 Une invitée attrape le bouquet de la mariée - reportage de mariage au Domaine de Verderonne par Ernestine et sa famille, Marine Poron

* * *

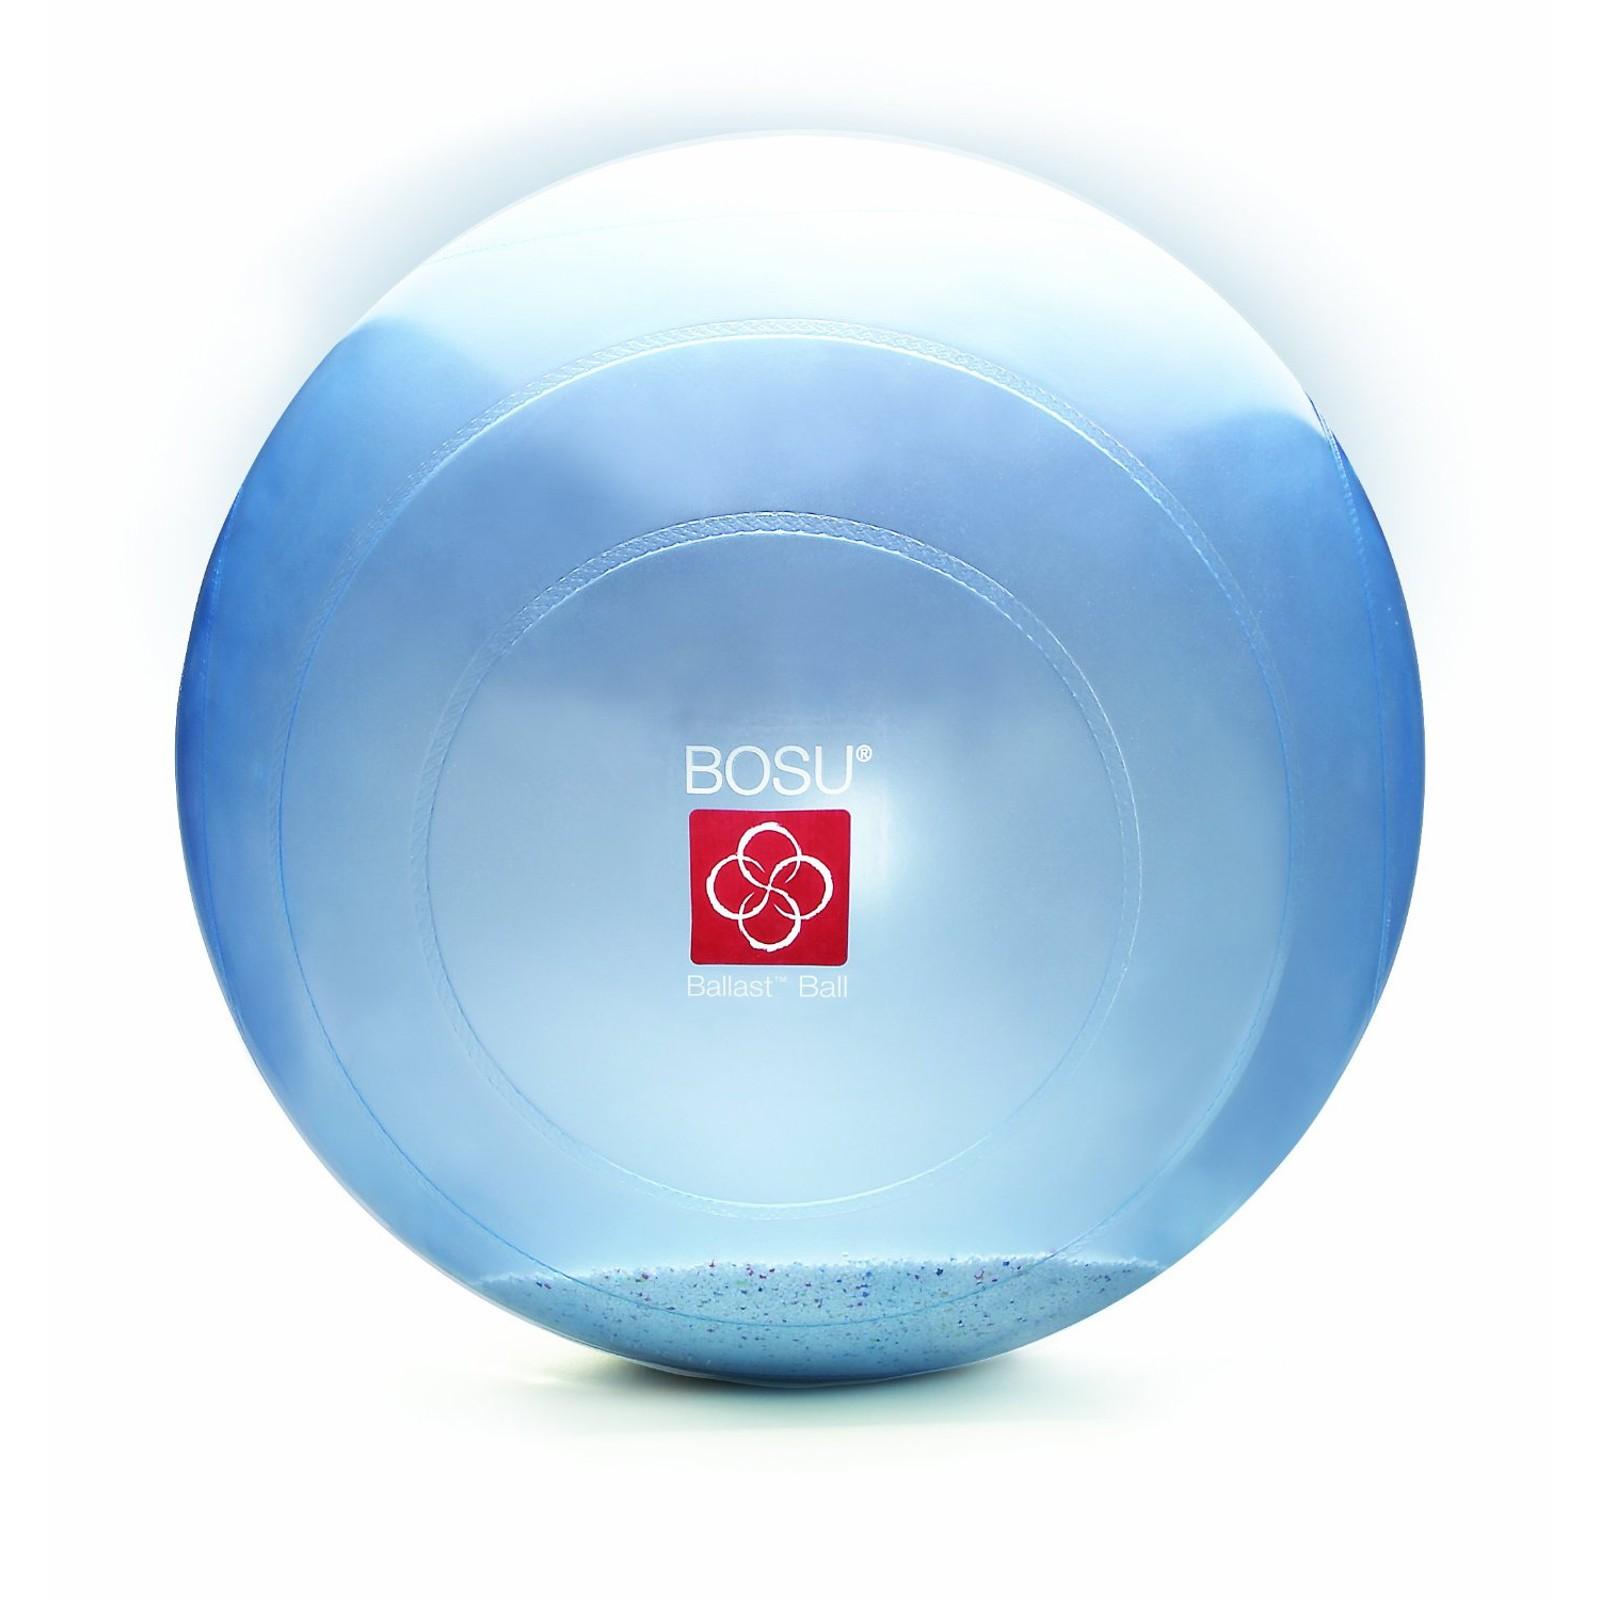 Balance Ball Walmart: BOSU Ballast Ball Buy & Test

---

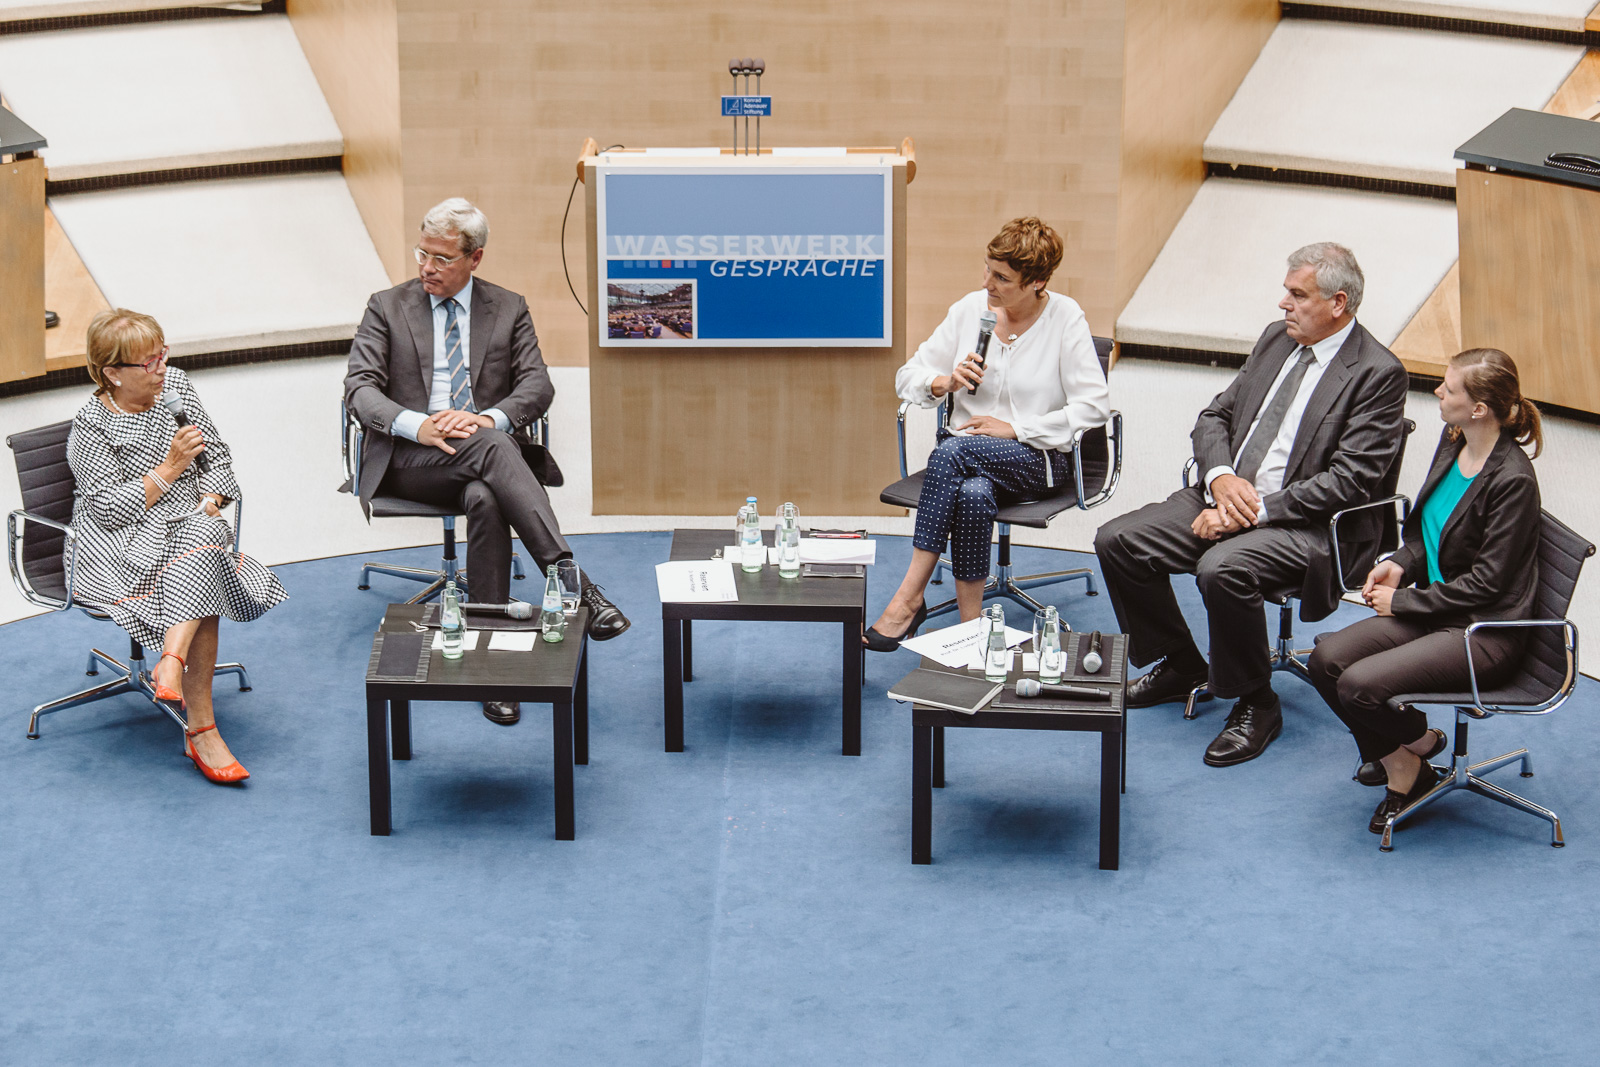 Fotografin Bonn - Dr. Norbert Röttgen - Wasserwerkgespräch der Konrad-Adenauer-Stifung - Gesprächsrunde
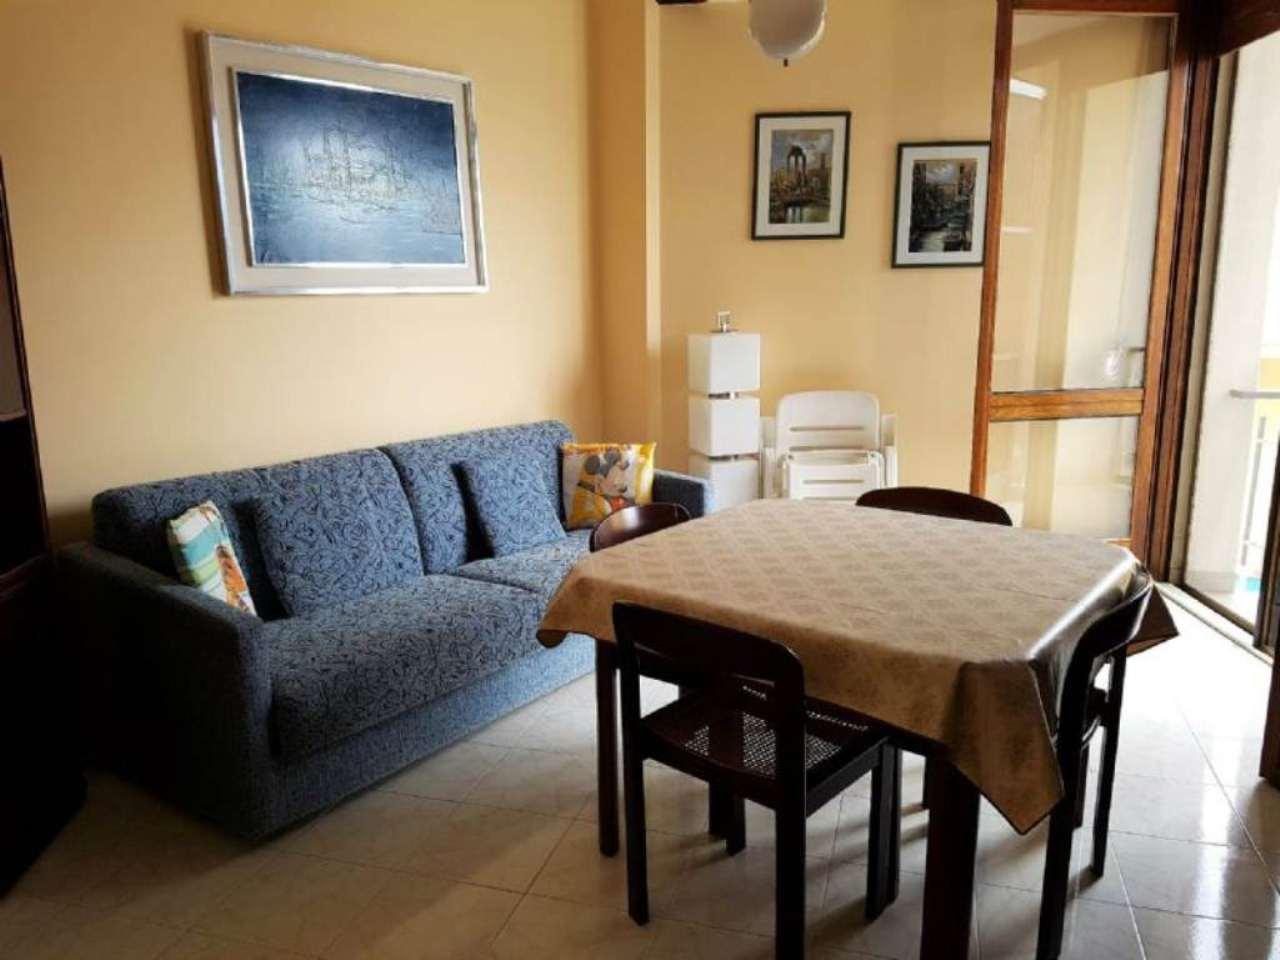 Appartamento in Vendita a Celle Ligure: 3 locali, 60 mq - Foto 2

● YOUR OBJECTIVE
Would you copy, word for word, only the lines above from the one containing "Fotografin Bonn - Dr." through the one containing "Appartamento in Vendita", both included, and please leave out the pictures?

● YOUR SOLUTION
 Fotografin Bonn - Dr. Norbert Röttgen - Wasserwerkgespräch der Konrad-Adenauer-Stifung - Gesprächsrunde
 Appartamento in Vendita a Celle Ligure: 3 locali, 60 mq - Foto 2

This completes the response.